The Christian County assessor pegged the market value of the castle at just under $6 million, but Berg said there's no way to put a price tag on it, saying there's "nothing like it in the world."

Berg said Huff compared his castle to the Coliseum built by the Roman Empire.

Huff wants the companies that built it to "tear it down and build it back up right," Berg said.

Those companies are Monarch Cement Company, of Humboldt, Kansas, and its Springfield subsidiary, City Wide Construction Products. The lawsuit said they routinely cut the amount of a unique construction material mixed into the castle's concrete and likely sold the leftover material, the lawsuit says.

Michael Callahan, the attorney for Monarch Cement Company and City Wide Construction Products, disputed the claims of the lawsuit.

"(The companies) are known for their high-quality products and longtime commitment to customer service," Callahan wrote in a statement. "They will defend their hard-earned reputations against the plaintiff's allegations all the way through trial, if necessary."

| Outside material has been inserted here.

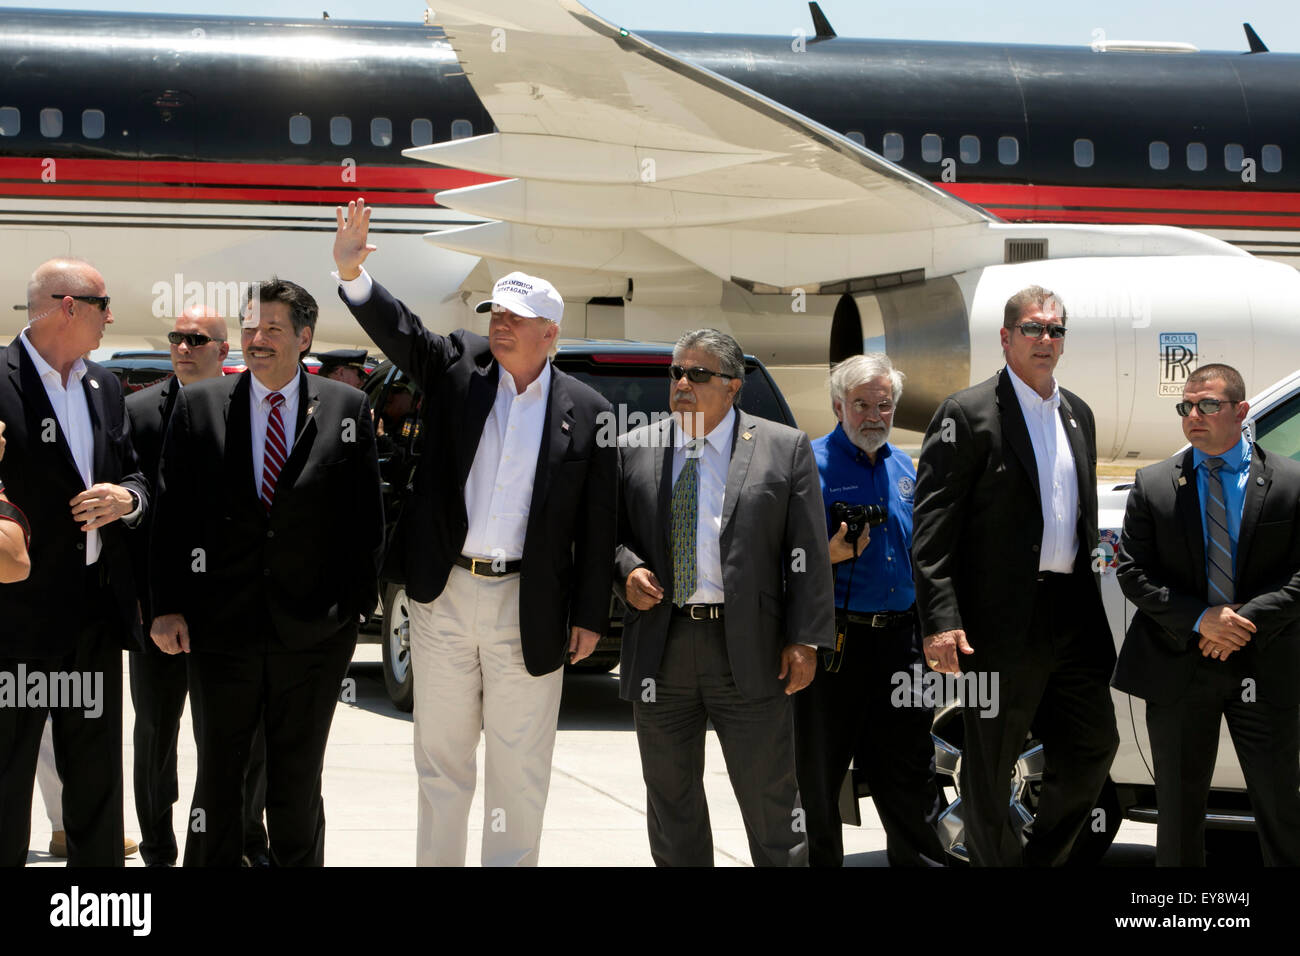 El candidato presidencial estadounidense Donald Trump las olas a los seguidores con el grupo local de Laredo, Texas, dignatarios después de aterrizar su avión privado en el aeropuerto el 23 de julio, 2015 Foto de stock

Inside the Pensmore mansion

The principal material shorted in the castle's construction is called Helix, the lawsuit said, and it's the "key to Pensmore's exceptional structural integrity design."

Berg said Huff wanted his castle to be built as strong as possible — "that's where Helix comes in."

Invented in a laboratory at the University of Michigan, Helix is an alternative to rebar and was developed for the U.S. Army Corps of Engineers, the lawsuit said.

While Pensmore Castle was supposed to have an "exceptionally large amount" of Helix — more than 200,000 pounds — the lawsuit said more than 70,000 pounds of Helix never made it into the concrete.

Berg said Huff, an engineer, invested in the company that produces Helix, Polytorx, and he wanted Pensmore Castle to be a model for the world of the company's product.

Pensmore Castle was also meant to be a marvel of heating and cooling technology, Berg said.

According to the lawsuit, Monarch Cement Company has 510 employees and 13 subsidiaries.